Personally, I feel that if an organism has a brain higher developed then a [del]chicken[/del], [del]bug[/del], protozoa, it can suffer. It all becomes a matter of degrees.

Ha, WhyNot. I’m a bit slow; I catch up on reading only after posting.

I’m not sure your gut reaction is the same one I described. The publics’ reaction to gm soy, stage one, was never about the ethics in reagard to the soy plant itself. I guess most people would have found it too silly to debate a plants well being. I would, too.

Your gut response IS about what is done to the pig, and frankly, my gut is right there with you.

Okay, I’ve taken a stance. Untill pig meat can be grown in a vat, without the pig’s brains and hormones involved, I’m against making and marketing zombie pig meat.
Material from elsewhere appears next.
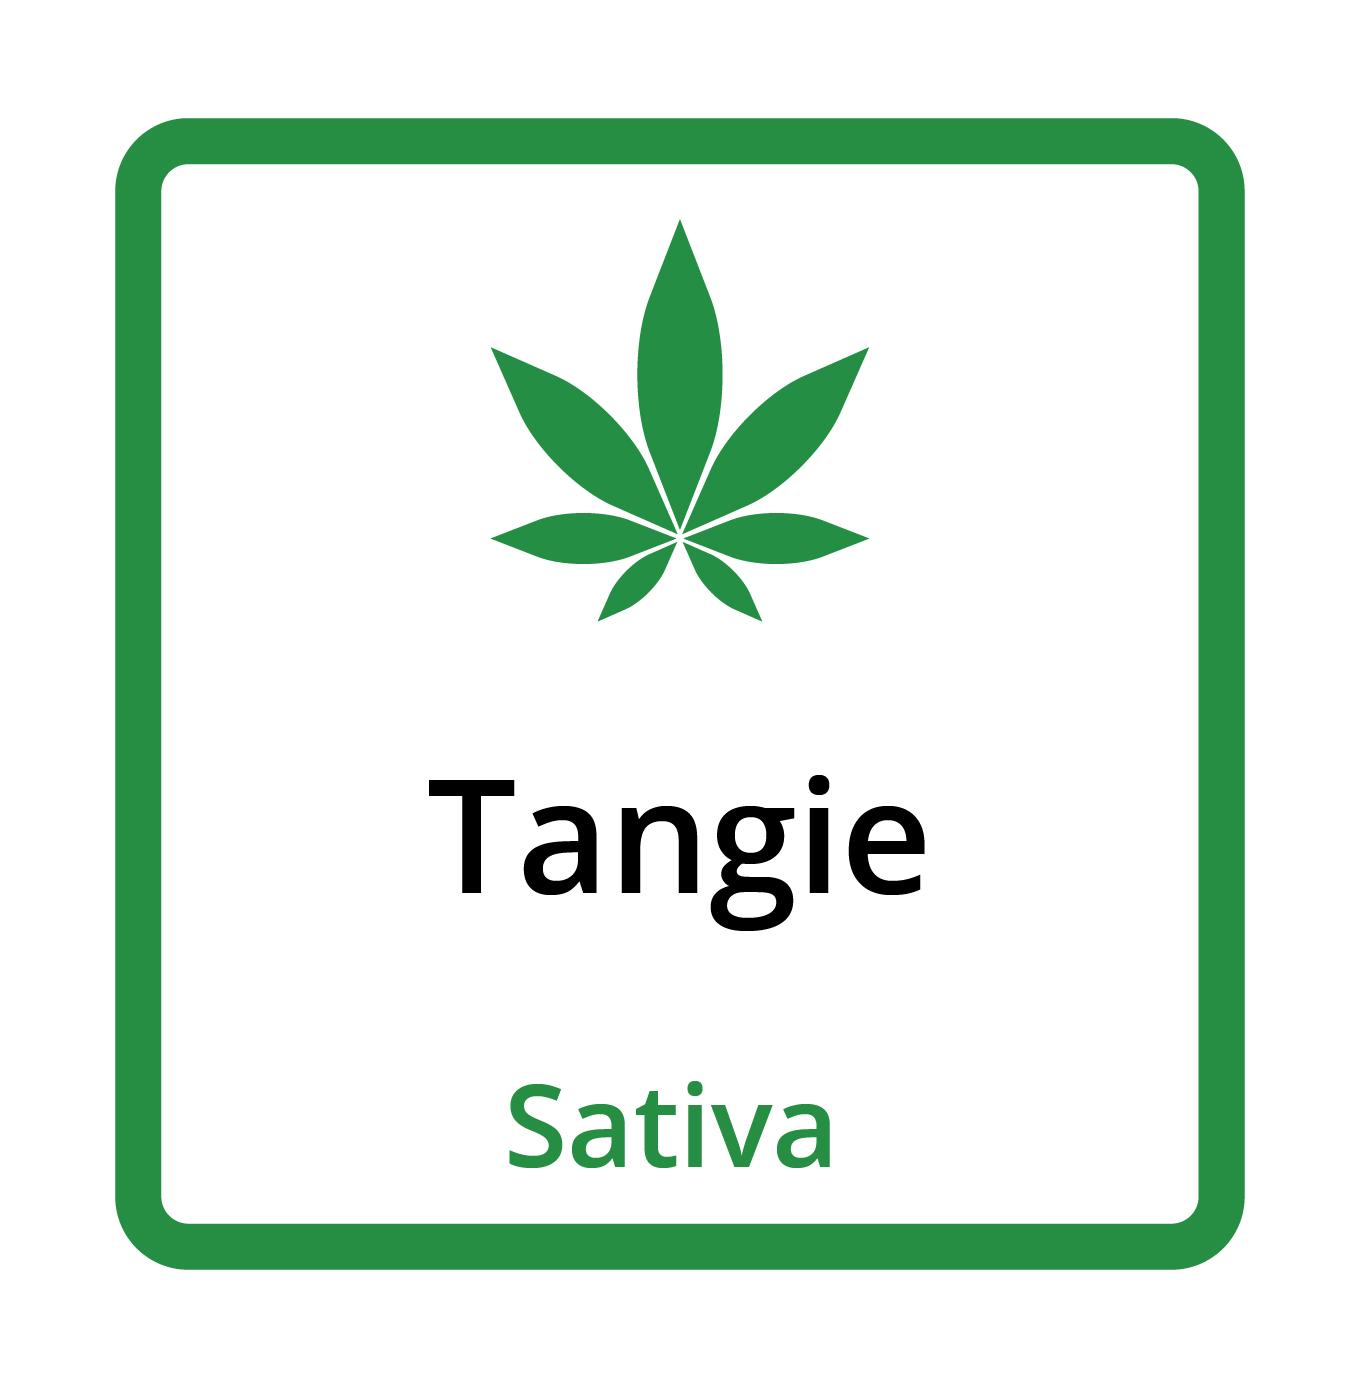 Tangie (Sativa)

Now, would I be against industrial farming if all the pigs were high on morphine and heroin all the time?

Yeah, that’s why I put an “if” there. I’m not convinced we can create a pig that doesn’t suffer and I’m not convinced that if we can we are able to tell for sure. But on the ethical side of it, I’m straight on the side of “if the pig doesn’t suffer, it’s all right by me”.

The english thought they were poisonous (due to their acidity leaching the lead from their pewter plates and giving eaters fatal lead poisoning), but it seems nobody else had a problem with them.

(Oh, and if I’m going to be eating pig anyway, I don’t mind if the thing doesn’t suffer between the sty and my plate.)